Hz. Alinin (r.a) bu sözlerinden de anlaşılacağı üzere, yüce Allah, kalpleri yaratılışlarında esas olan bedbahtlık veya mutluluk üzere şekillendirir. Bu, ikinci fıtrattır, birinci fıtrat değil.

“Her çocuk fıtrat üzere doğar.” (Buhari, Cenaiz, 92; Ebu Davud, Sünne, 17; Ahmed, 2/275) hadisinin, biri birinci fıtrat, diğeri de ikinci fıtrat esasında olmak üzere iki açıklaması var.

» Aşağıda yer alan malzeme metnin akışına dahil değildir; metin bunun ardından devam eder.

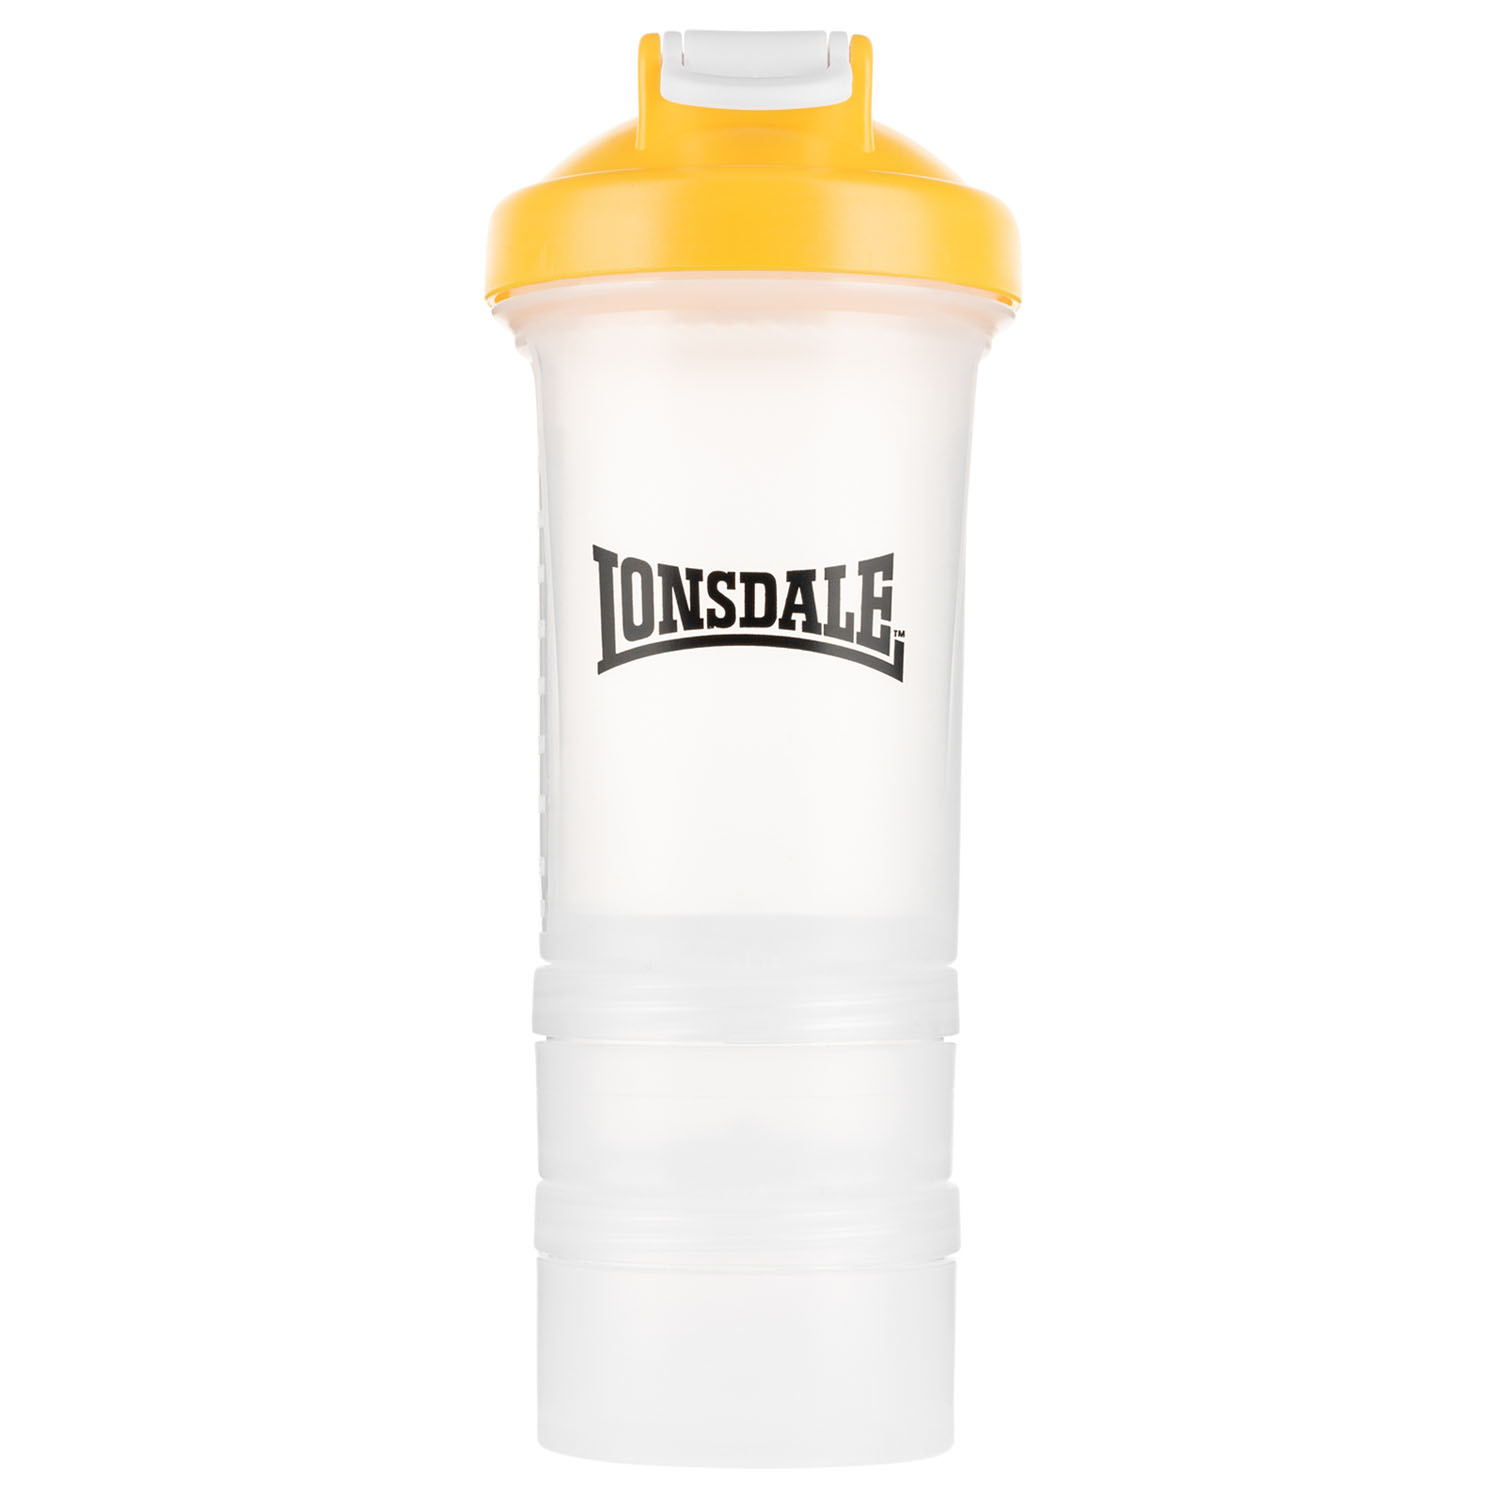 Lonsdale Shaker, Ult, gelb

Birinci fıtrat esasındaki açıklaması açıktır. Bunu Muhammed b. Kab el-Kurazi söylemiştir. El-Kurazi, Medineli tabiinlerin faziletlilerinden ve eşraftan biridir. Bazıları, tabbinlerin en üstünlerinden olduğunu söylemişlerdir. O, el-Cebbar sözüyle ilgili olarak şöyle demiştir:

Kulları dilediği gibi şekillendirir. Bu görüş başkalarından da rivayet edilmiştir. Kur’an ve hadisten de buna ilişkin tanıklar bulmak mümkündür. İleri görüşlü ve eksiksiz kanıtlara dayalı olarak meseleleri sonuca bağlayan bilginler de, yüce Allah’ın, kulların kalplerini istediği gibi döndürdüğü, onları çevirdiği, onlara günahlarını ve sakınmalarını ilham ettiği, bir göz açıp kapama anı kadar kısa bir süre içinde, üstün iradeli ve hikmet sahibi Allah katında bilginlerin kalplerine kesin ayırıcı hükmün indiği gerçeğini dile getirmişlerdir. Bu bilginler, bedendeki organların kendi lehlerine ve aleyhlerine verilen hükümleri algılayışlarını son derece çarpıcı ifadelerle açıklamışlardır. Ancak Allah’ın gözlerini kör, basiretlerini bağladığı kimseler başka.